### WHAT YOU NEED TO DO
Starting at the line that contains "Golf roundup: Jordan" and stopping after the line that contains "Emerson & Elicia's", transcribe the listing below exactly; do not include any pictures.

### PROVIDED INFORMATION
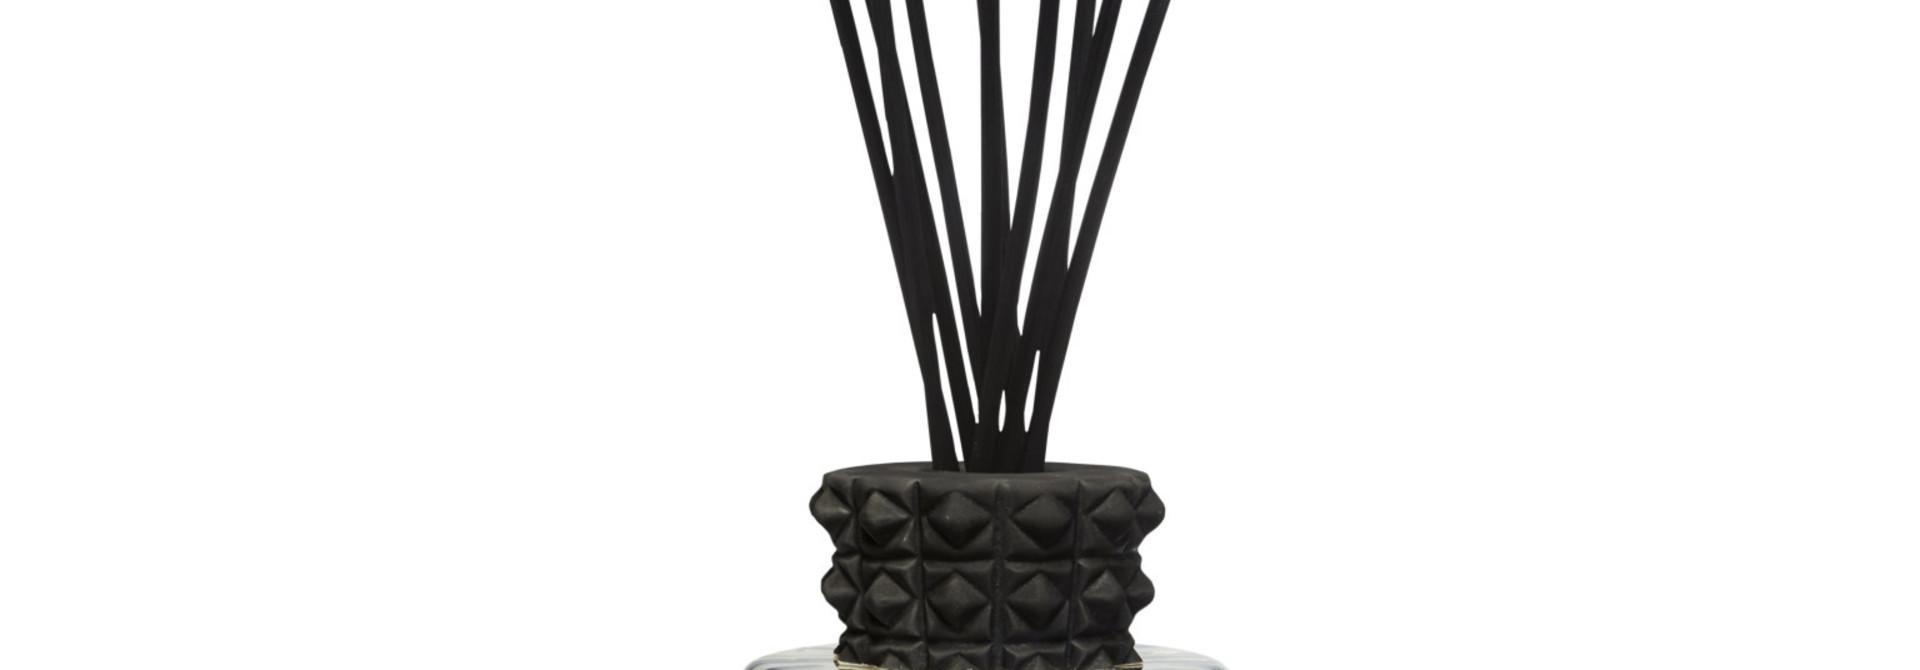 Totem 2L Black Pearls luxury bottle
--
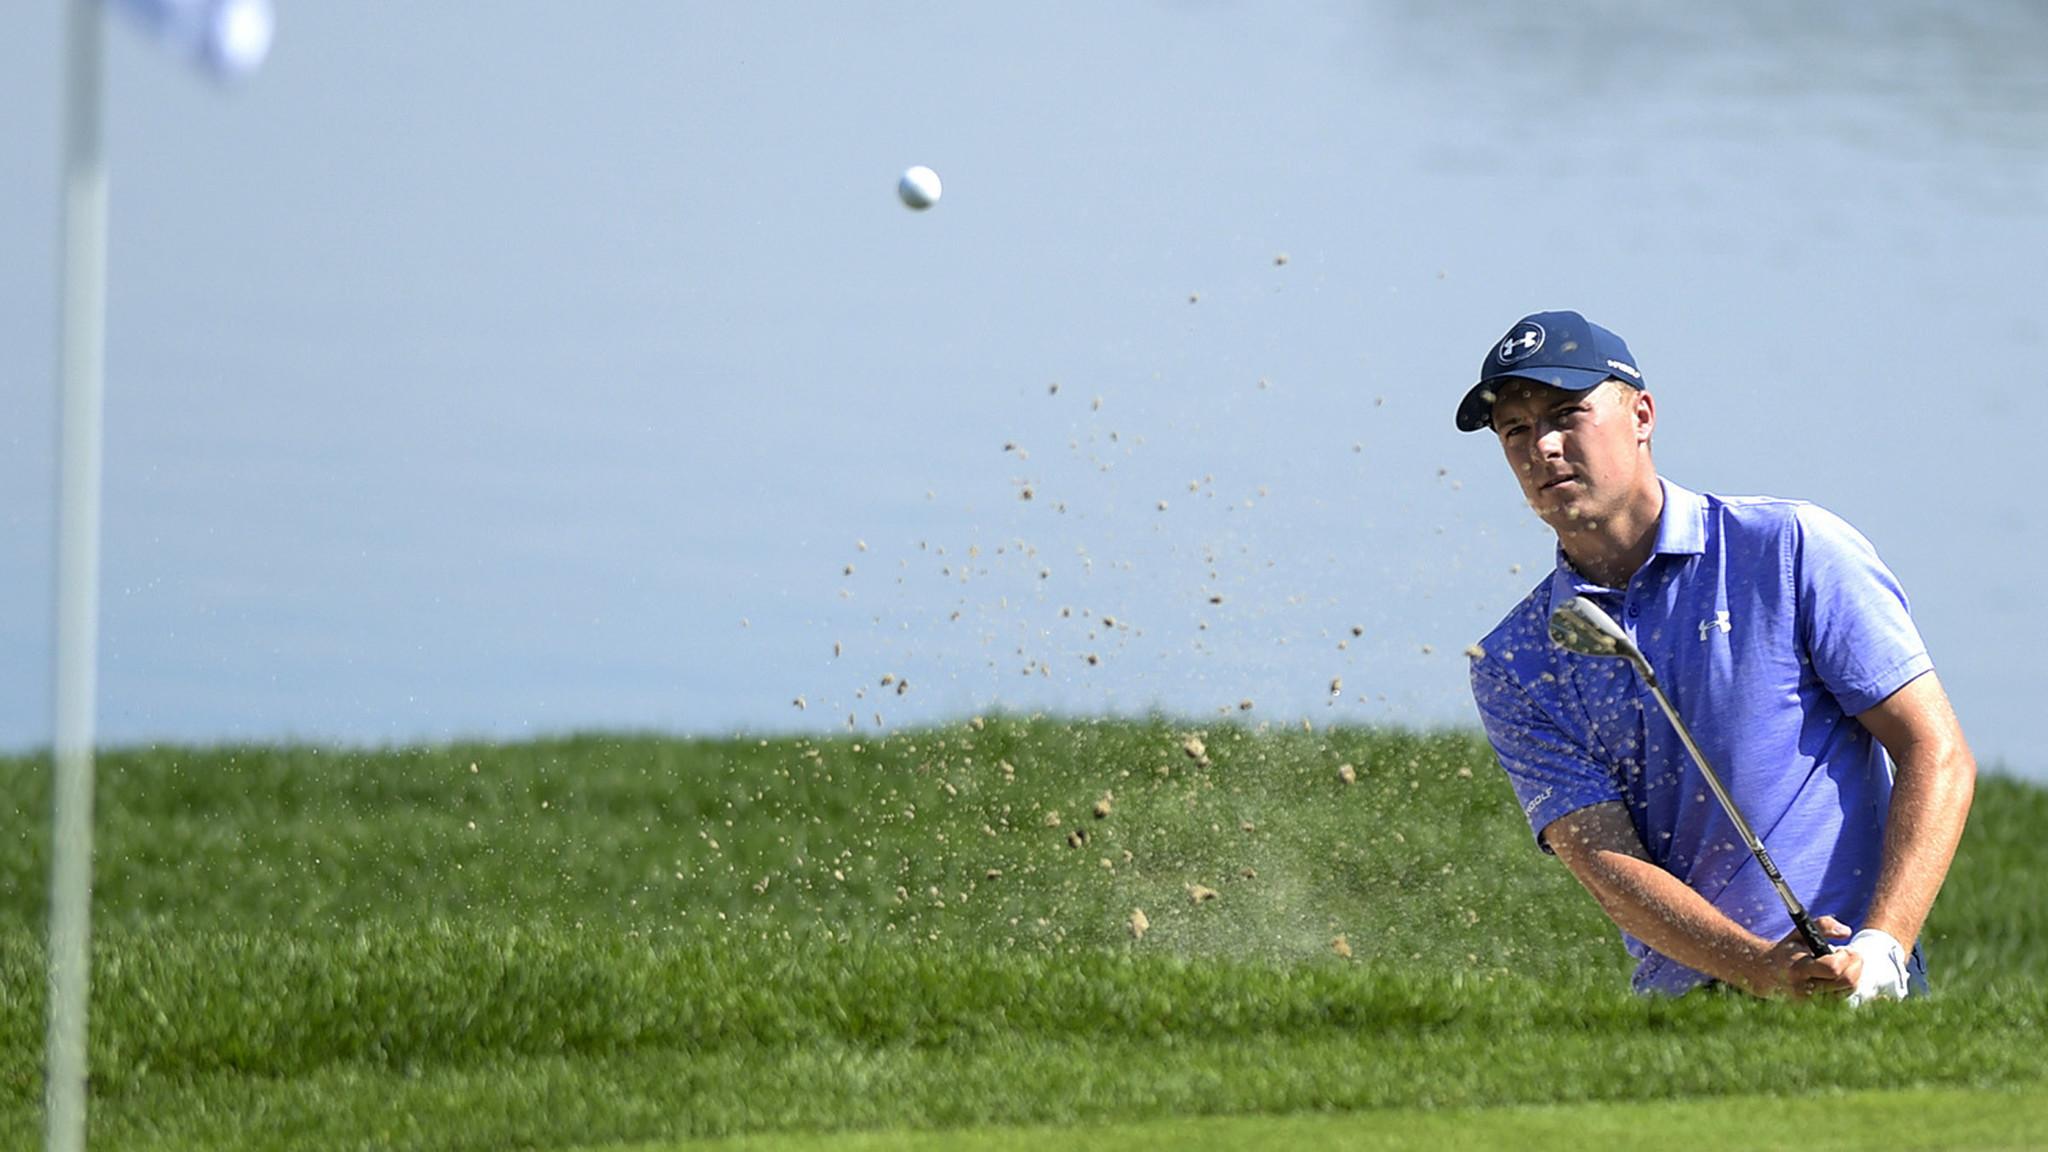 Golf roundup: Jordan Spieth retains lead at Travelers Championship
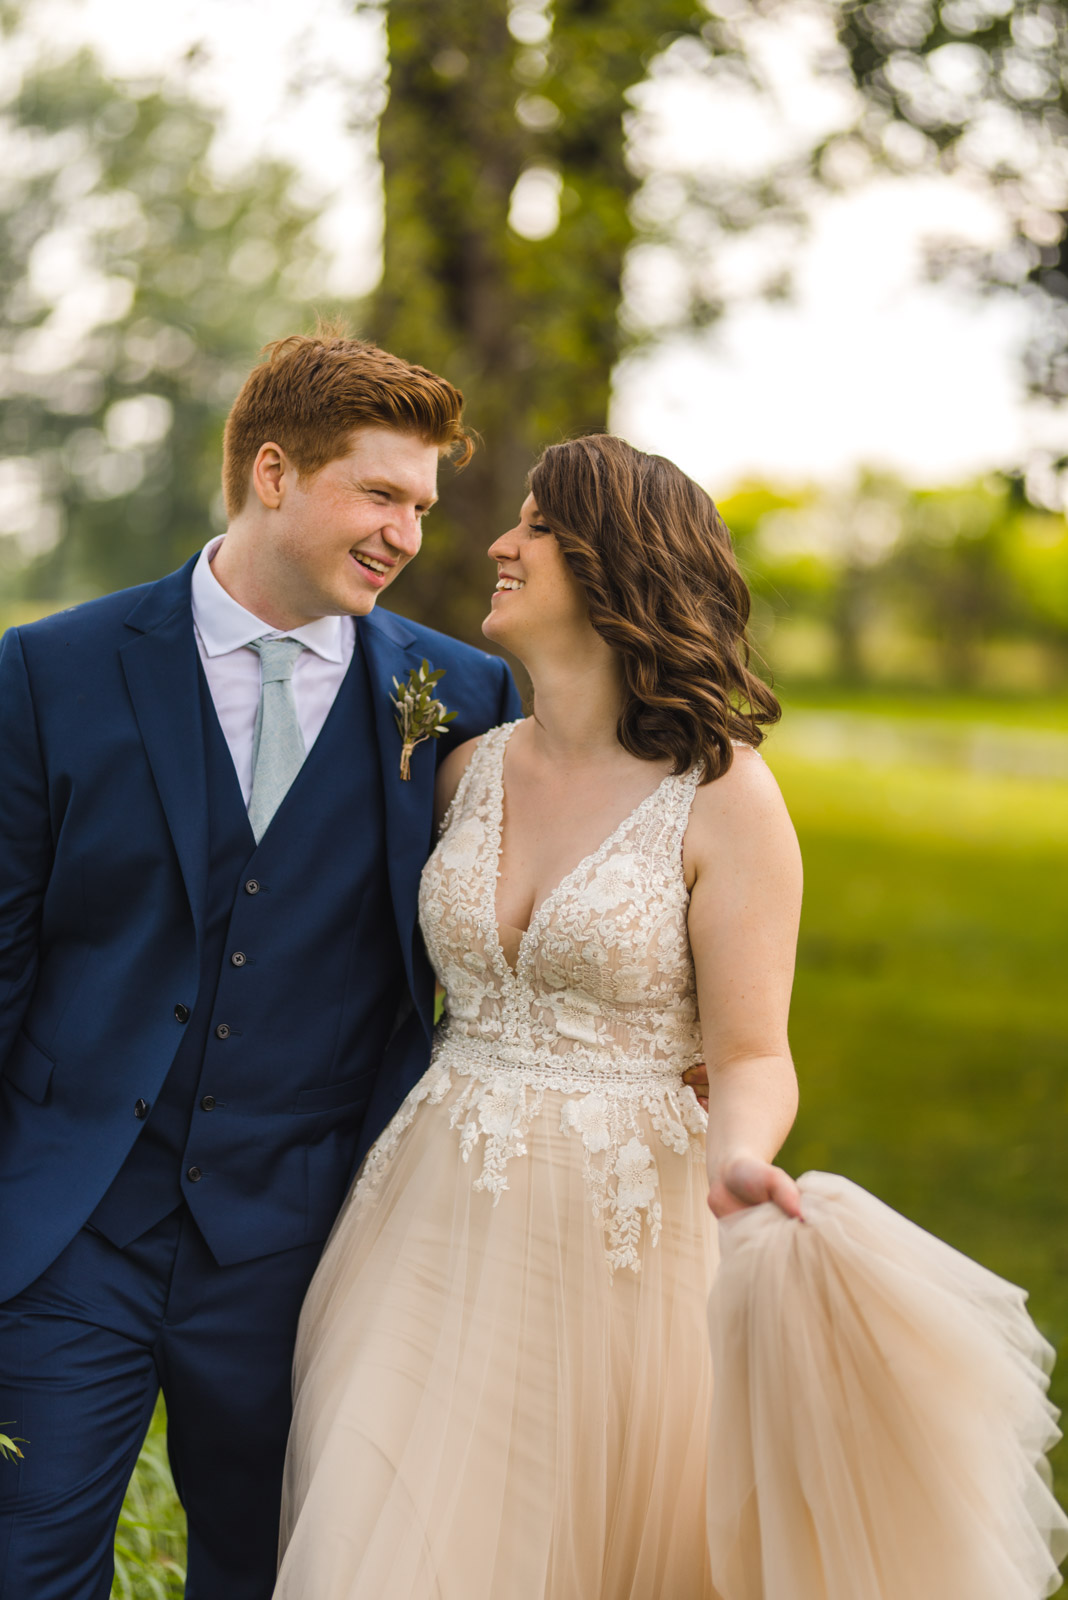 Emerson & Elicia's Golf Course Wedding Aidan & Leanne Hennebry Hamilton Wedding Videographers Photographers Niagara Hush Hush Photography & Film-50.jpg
* * *
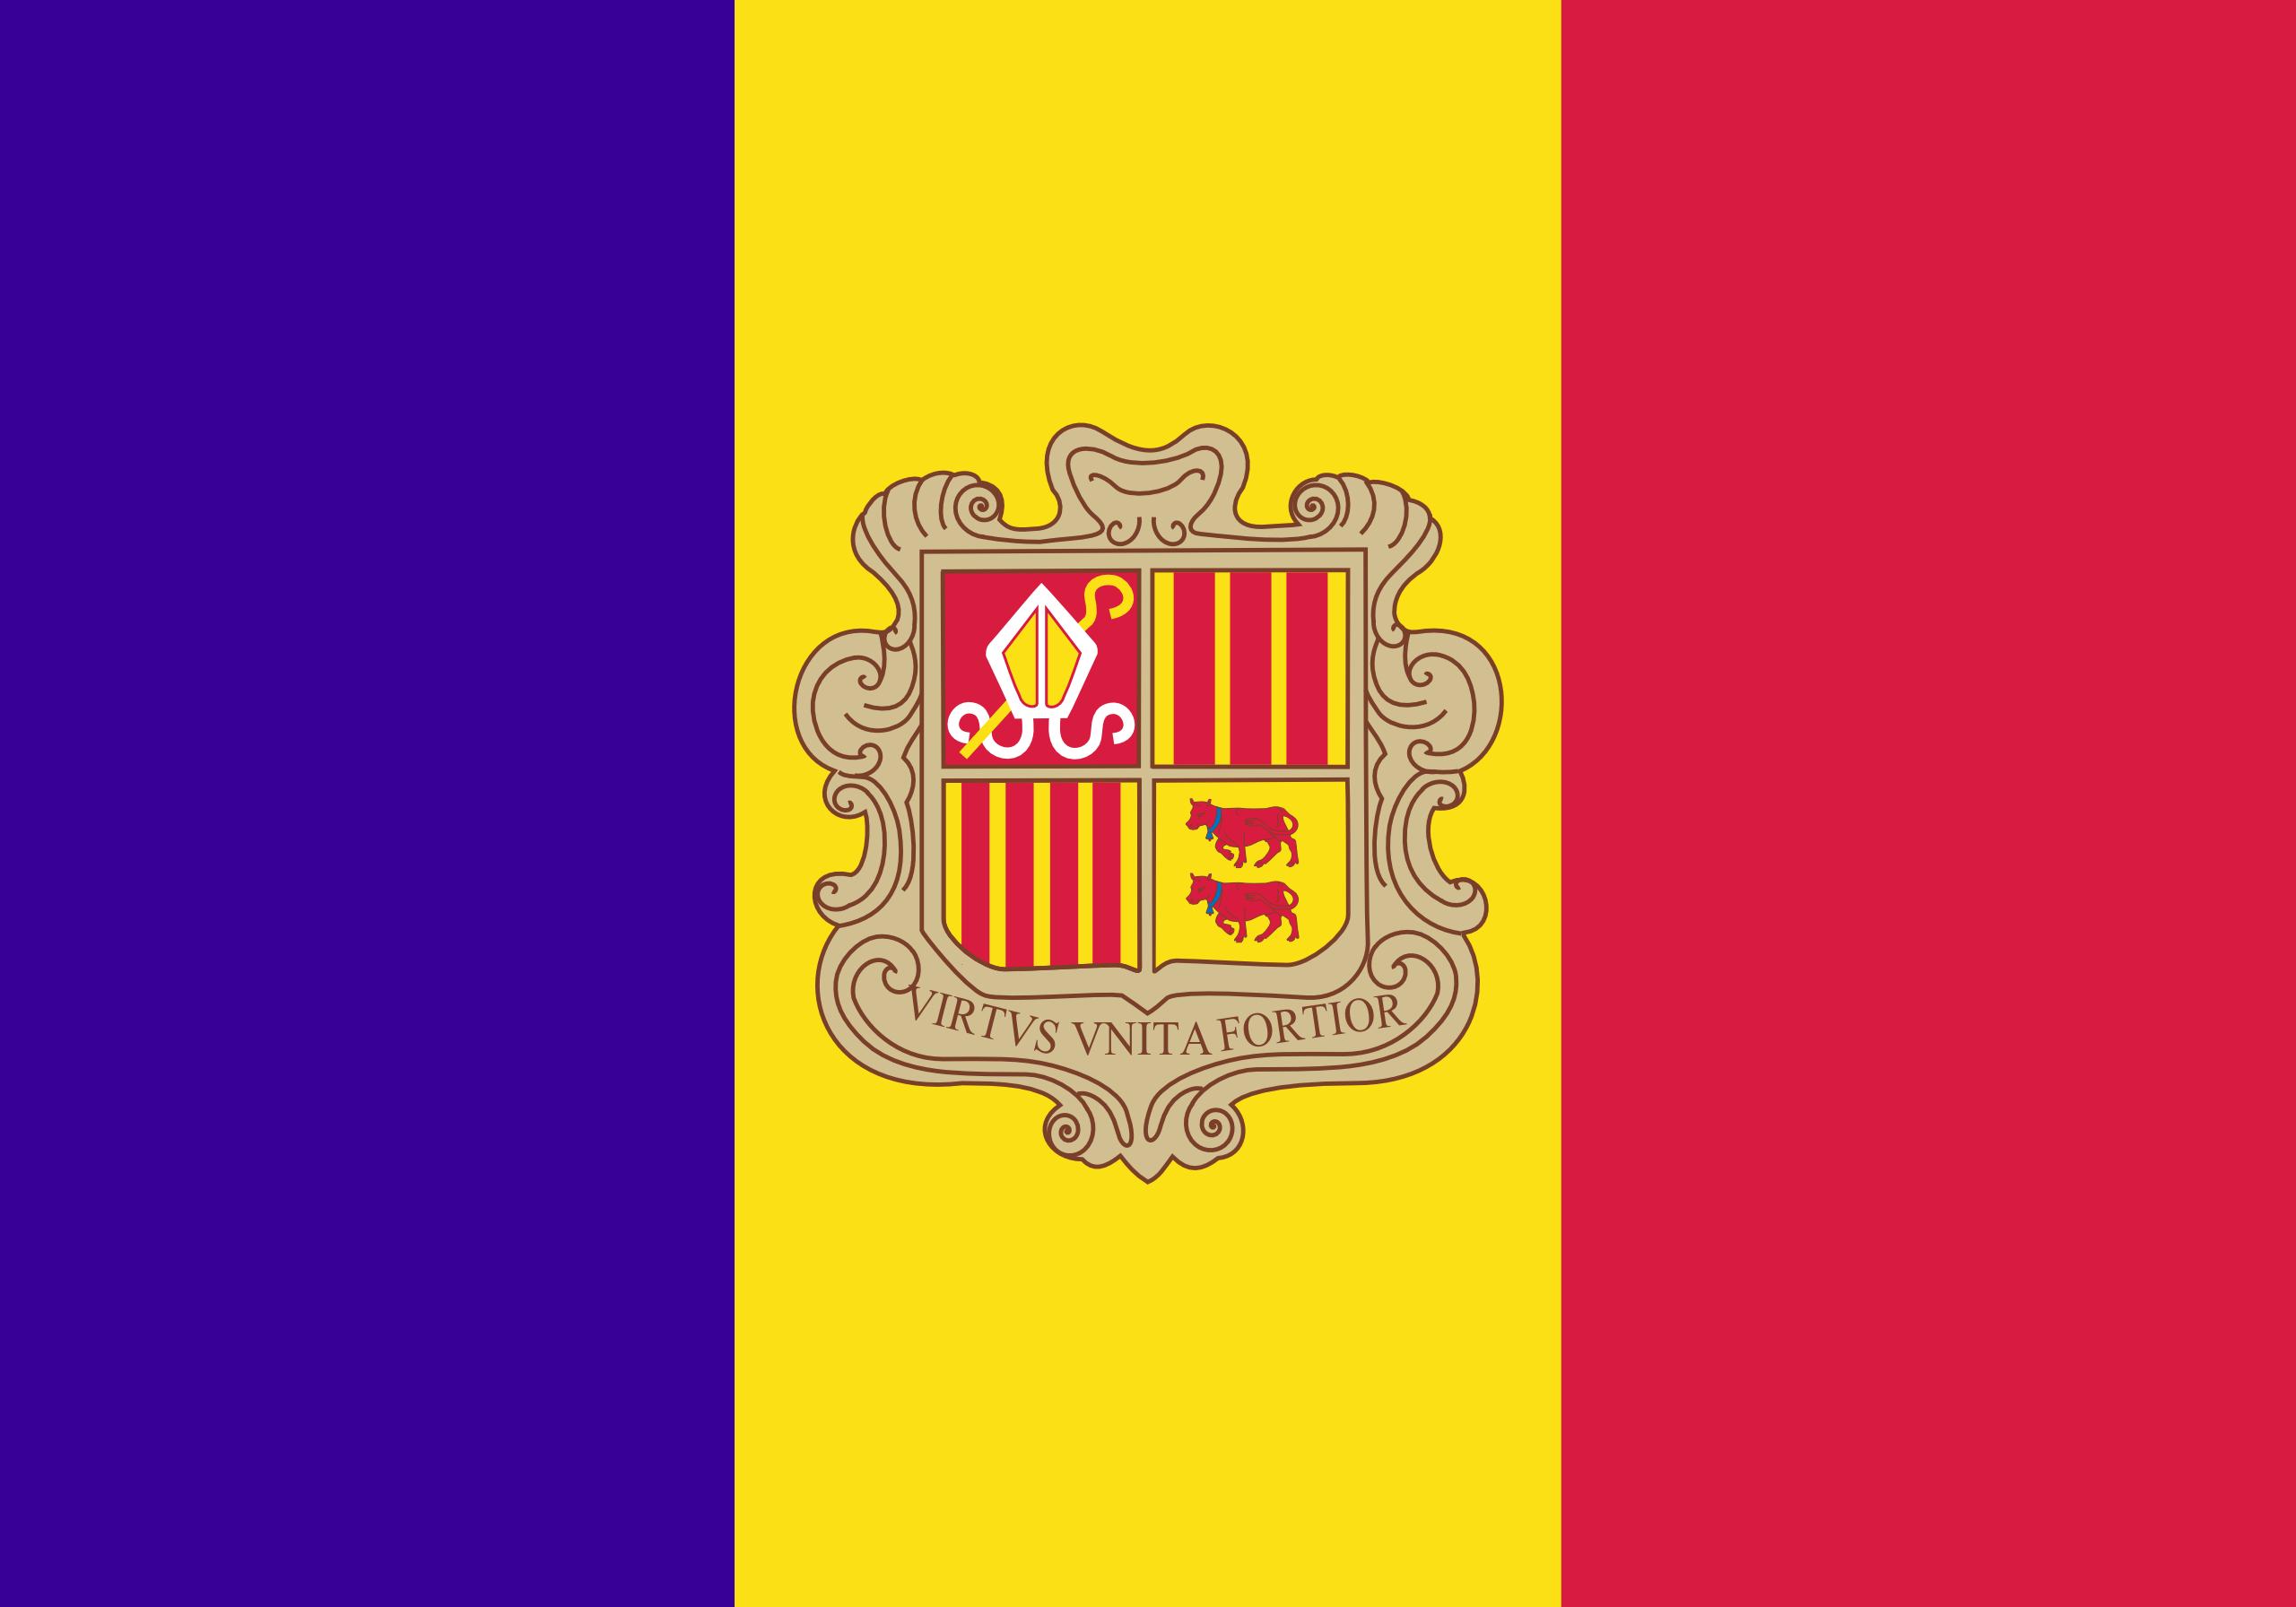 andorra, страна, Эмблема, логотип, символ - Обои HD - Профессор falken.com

### TASK RESPONSE
 Golf roundup: Jordan Spieth retains lead at Travelers Championship
 Emerson & Elicia's Golf Course Wedding Aidan & Leanne Hennebry Hamilton Wedding Videographers Photographers Niagara Hush Hush Photography & Film-50.jpg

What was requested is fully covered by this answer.